Hiya fellow makers and engineers!

Whenever you use a USB to UART converter, you want to hook it up to some other circuit to communicate with. For many of you, this is going to be some pre-made off-the-shelf circuitry, like an evaluation board or a single-board computer. For many of you, however, it will be a custom contraption - a board of your own design. For all of you doing the latter, in this article we talk about what considerations and best practices there are when implementing your own UART interface.

The headers

At a minimum, your UART header should have four pins. TX, RX, GND and VIO. The first three should be obvious, but some of you tend to leave out VIO - it is the IO voltage supply. VIO allows you to use voltage-sensing and isolated adapters like the μArt.
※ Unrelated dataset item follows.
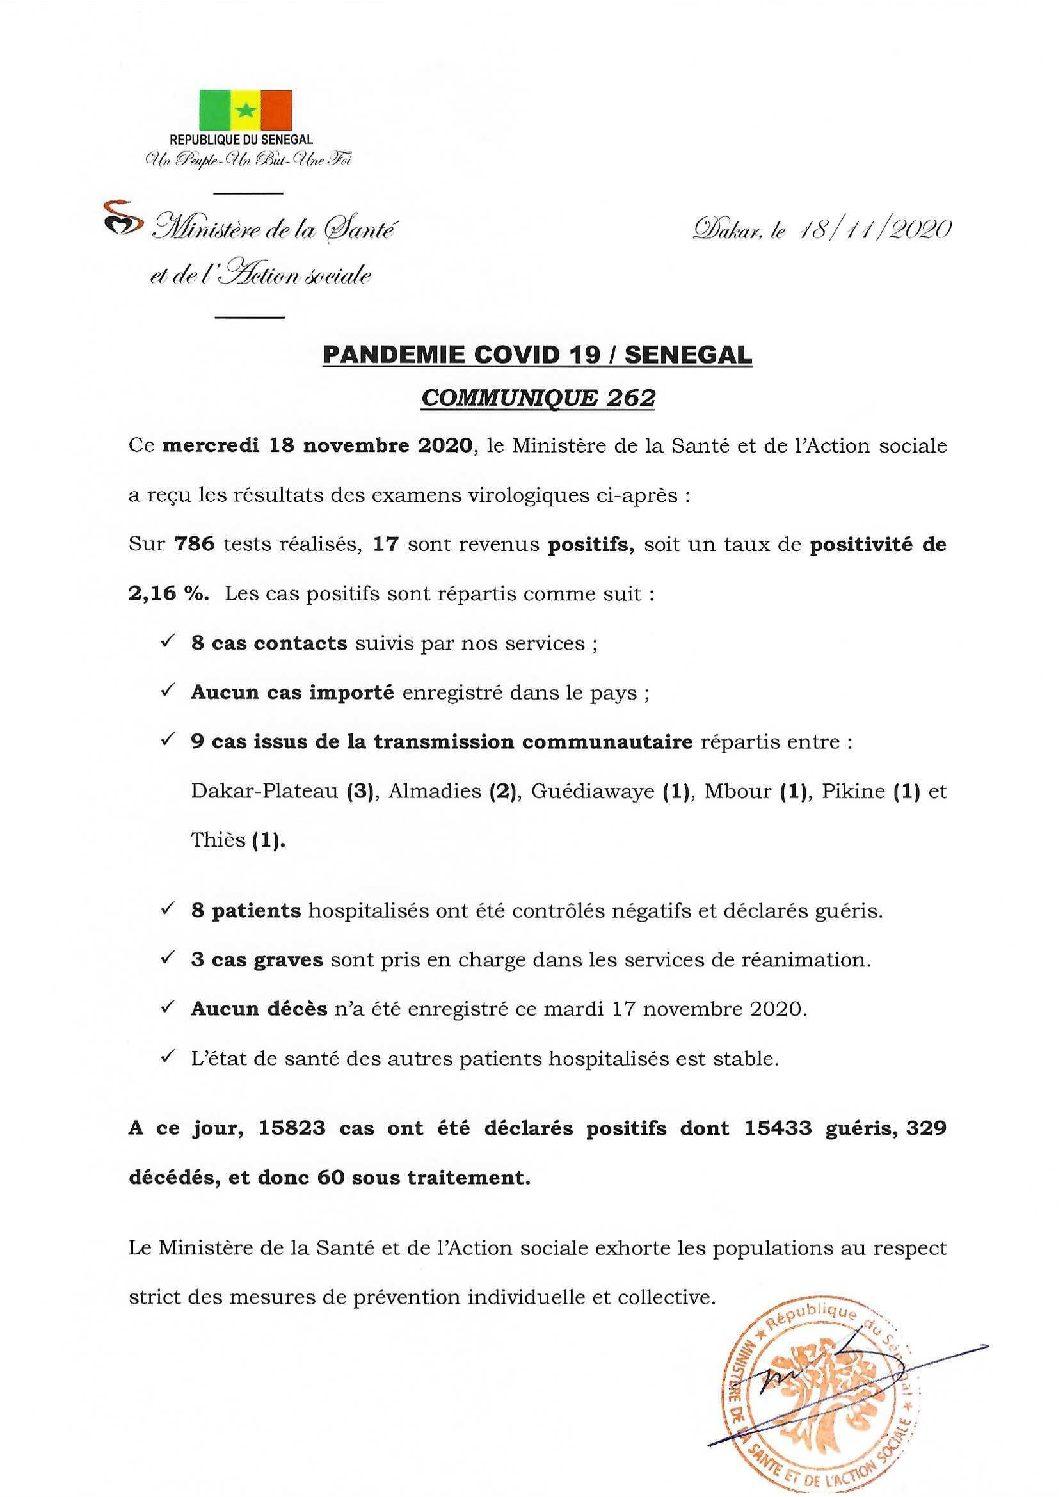 COMMUNIQUE 262 DU 18 NOVEMBRE 2020 (1)

You may think there is no need to integrate this pin into the serial header as you can just use the traditional voltage headers at any time, but I would advise against that. First, adding it to the UART pins makes sure you always have the possibility for communication / debugging even when your VCC header would otherwise be occupied by some other peripheral. Second, and maybe much more importantly, it avoids mistakes and a lot of confusion. Your MCU or microprocessor might have multiple power supplies, your board as whole even more, and without an explicit VIO pin near your IOs, it may not be obvious which voltage header your serial converter needs to connect to. At worst, the wrong choice can lead to hardware damage due to overvoltage condition on your own circuit’s input pins. By adding a VIO pin to the UART header, you can clearly communicate to every user of your board (and to yourself as a reminder) to "Use this voltage level for UART".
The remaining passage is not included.